Despite these disadvantages, however, we managed to see most things. We gaped at el-Khazneh, we were duly awed by ed-Deir, we marvelled at the Roman(!) triumphal arch and temple of Jupiter, and then we went in search of the high places. The first one, the Rectangular High Place with its nearby Crusader castle, was not too hard to find - climbing up to it was a different matter and we felt a real sense of achievement when we finally stood on the height and gazed down on the scene below.
The second, the Circular High Place, was more difficult and that was when we did most of our trudging through hot sand. My youngest sister wailed, "Mummy, I've got shoes in my sand!" and we knew just what she meant!
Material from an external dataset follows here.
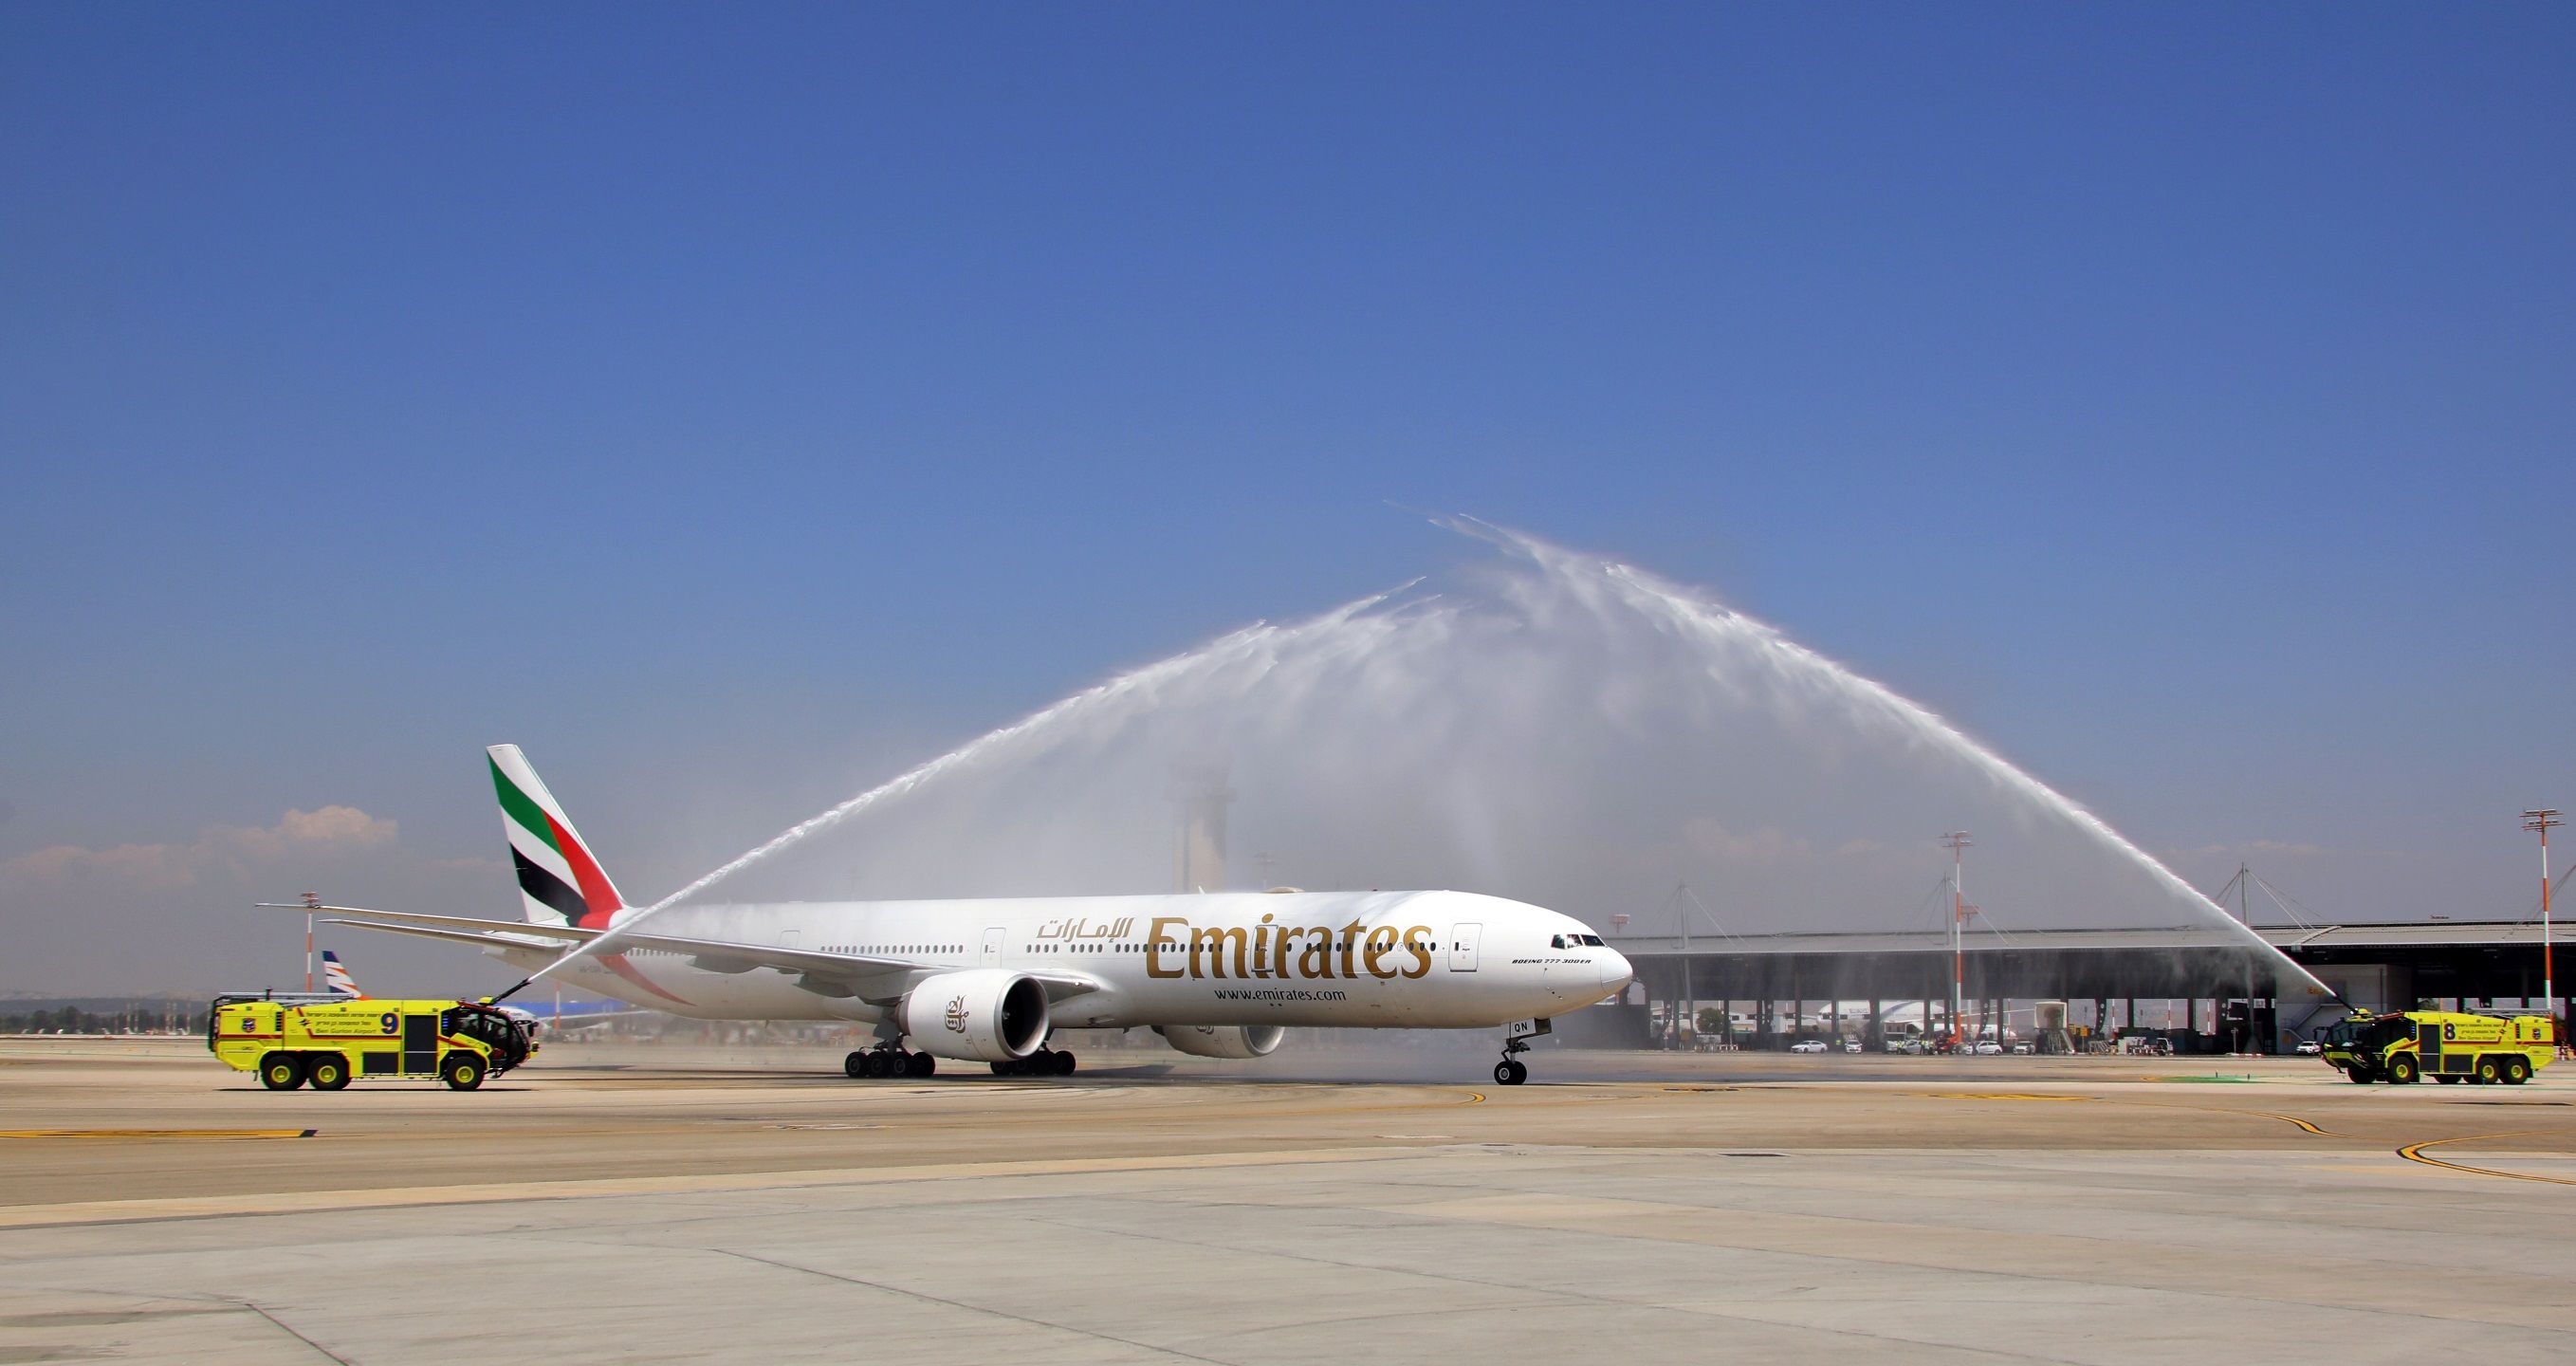 Emirates first flight to Tel Aviv

Eventually found a circular structure which stood on a little eminence higher than the surrounding land but by no means what I would have called "high". Nevertheless we were satisfied that it was the only thing that was both high and circular for miles around and duly enriched Mr Kodak by shooting two or three pictures of it. (Do you remember those days when every time you pressed the shutter button it cost you real money?) Our identification was confirmed in subsequent visits when there was even a sign erected by the Jordanian Department of Antiquities identifying the structure as the Circular High Place.
In 1975 I once again hiked up to this structure but this time I had a little more experience of the world and was less inclined to believe every word written in guide books, even official ones. Not only was the structure too small for the proposed public religious ceremonials, but there were clear signs of walls on both sides of it. I am satisfied that it is part of a defensive wall built to protect Petra against attack from the north.
Contrary to popular myth, the narrow Siq is not the only way into Petra; it just happens to be the shortest and most convenient route from the east, the direction from which all tourists come. In fact Petra sits in a wide valley running SW-NE and there is literally no obstacle to any invading army to simply walk round the ridge the Siq cuts through and stroll into Petra. There is actually a paved road running most of the way into Petra from the Beduin village which has been built at the top end of this valley; the people who work in Petra come in via this road, as to trucks bearing crates of Coca-Cola and Fanta, tourists, for the refreshment of, to say nothing of all the "hand-made-in-Japan" souvenirs foisted on the afore-mentioned tourists.
|The newly discovered platform in Petra. Unfortunately there is not enough background to enable the location to be identified.|
Nevertheless, it would appear that there is another high place lurking beneath the sands somewhere in this area. Sarah Parcak and Christopher Tuttle have recently been poring over Google Earth and they must have sharper eyes than I have - or possibly they are using the paid-for version of that excellent program - because they have spotted an enormous platform 184' x 160' on which stands a smaller, 28' x 28' structure that could be an altar.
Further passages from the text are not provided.